On the other hand, having spent his childhood bunking school, the handsome, but educationally unmotivated Karma finds himself working a dead-end, low wage delivery job…Since childhood, slacker Karma has harbored a love for Nimmi (Nagma). Sadly, Nimmi and her family went away to the city many years ago and Karma has neither seen nor heard from her since. In flashback we see the young Karma (Ranvijay) and Nimmi (Rittu) as best friends. While Sukhi is seeing Nimmi and her family off at the train station for their move to the big city in hopes of a better life, young Karma is off trying to scrape up enough money to buy Nimmi a going away present, a set of red bangles which she specifically had wished for. Since Sukhi, a farmer, and Nimmi’s dad Dhanwant Singh (Arun Bakshi), a tongawala, are good friends they decide to fix the marriage of the two children right then and there, thus little Nimmi leaves on a happy note. Karma, with the red bangles, arrives at the station long after the train has departed and thus is unable to gift his friend the jewelry that he worked all day long to buy. Back to "15 Years Later" we find that Karma is still pining away for Nimmi. Seeing this, Sukhi decides it is time to reconnect with Dhanwant Singh and family and he sets off for the big, bad metropolis. What Sukhi does not realize yet is that Dhanwant has become a rich, successful, and uncaring capitalist who now has no intention of allowing his daughter to marry Karma, who he considers a penniless grunt. Humiliated, Sukhi returns to the village and tries to keep the disappointing news from Karma. But Karma finds out and decides to go to the city to find out what’s what with Nimmi.

Posing as an unemployed stranger he manages to worm his way into a washerman job at Singh’s palatial home, thanks to Dhanwant’s kind wife, who has no idea that the new employee is the now grown-up little boy who had been her daughter Nimmi’s best friend.
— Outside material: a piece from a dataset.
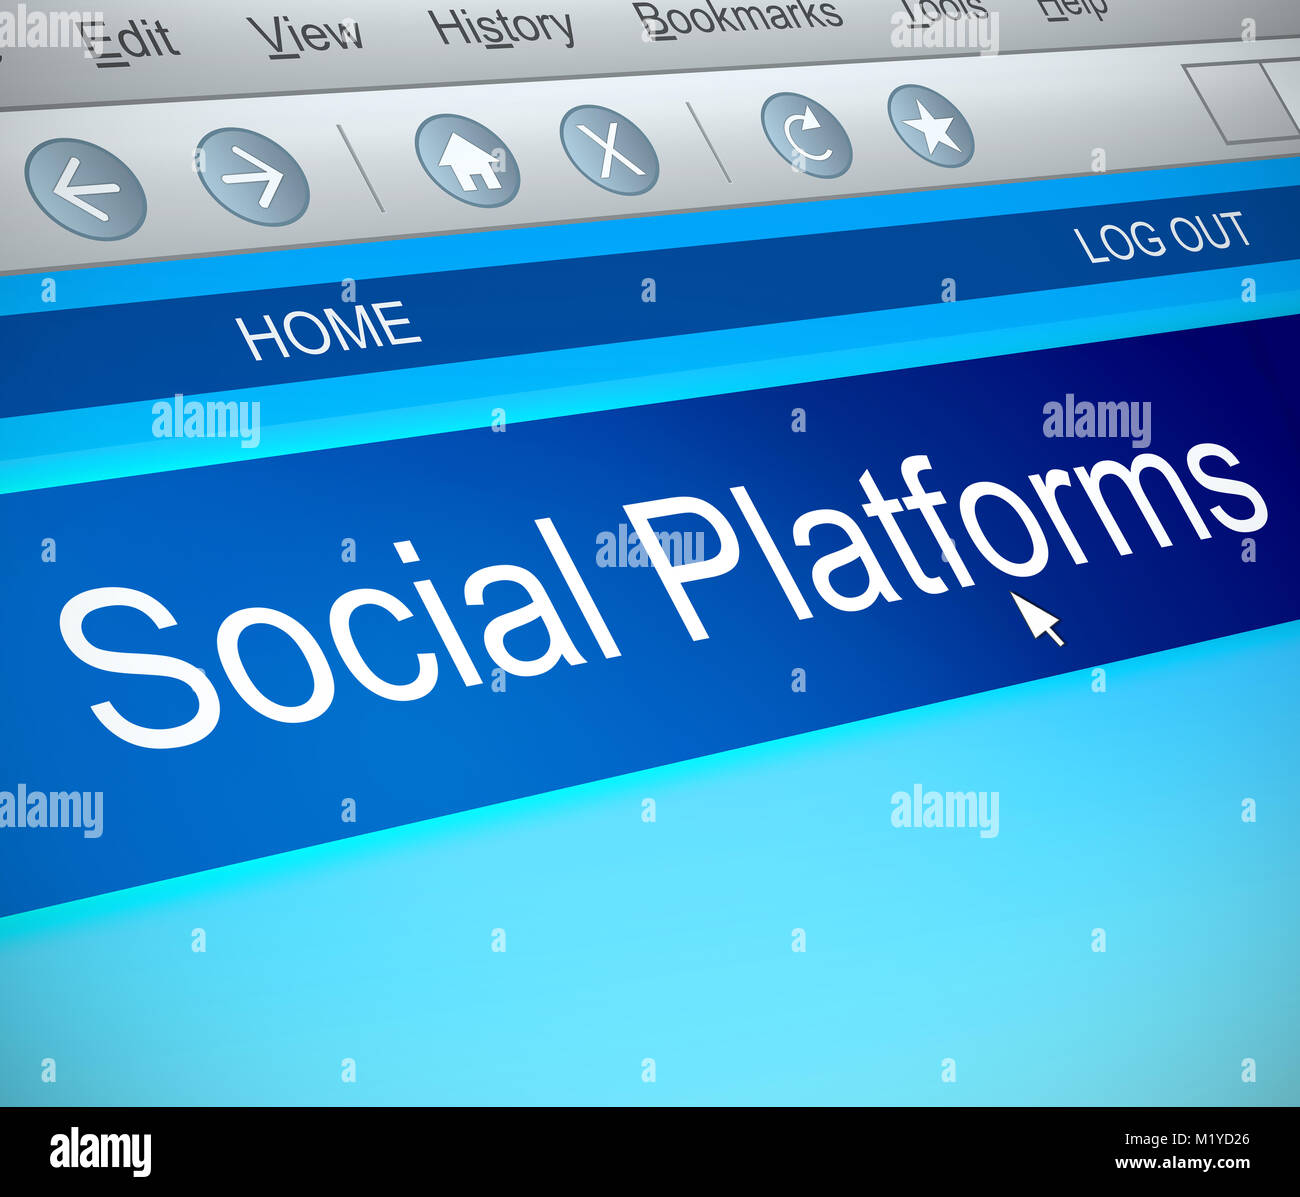 3d Illustration depicting a computer screen capture with a social platforms concept. Stock Photo

Into the scene walks Nimmi, all grown up and acting pricey. Her attitude does not deter Karma, who still loves her. Nimmi, however, now has a fiancée, a beefy tennis player named Pal (Sameep Kang). Karma refuses to accept defeat and, while still posing as a household servant, vows to learn why Nimmi has forgotten him and taken another. But when he is in danger of losing Nimmi for good, he reveals the truth about who he is during Nimmi and Pal’s engagement party.

Will Nimmi remember Karma? And if so, would her father ever allow her to marry him? Will Pal break Karma’s instrument? And if so, how will Karma and Nimmi ever make sweet music together? Will Sukhi ever get over his insult at the hands of his former friend, Dhanwant? And will his step siblings really abandon him as Kundan had predicted? And what of Channi and Guddi? Will these two siblings develop plotlines of their own?

==Cast==

| Star: | Character: |
|---|---|
| Raj Babbar | Sukhdev Singh |
| Ritu Shivpuri | Gurjeet |
| Nagma | Nimmi Kang |
| Aryan Vaid | Karamvir Singh |
| Arun Bakshi | Dhanwant Singh Kang |
| Kulbir Badesron | mother of Nimmi |
| Deep Dhillon | Kundan Singh |
| Mighty Gill | Channi Singh |
| Gurpreet Ghuggi |  |
| Satwant Kaur | Nimmi's mother |
| Harbhajan Jabbal |  |
| Sumeep Kang | Pal Jindal |
| Donny Kapoor | Matto D. Singh |
| Jatinder Kaur |  |
| B.N. Sharma | Subedar Kapoor Singh |
| Prabhleen Sandhu | Guddi |

== Soundtrack ==
Singer Pawni Pandey made her debut with the song "Cheecho Cheech Ganeriyan".

== Reception ==
Manish Gajjar of BBC wrote that "This is a heart warming Punjabi story of relationships, love and revenge".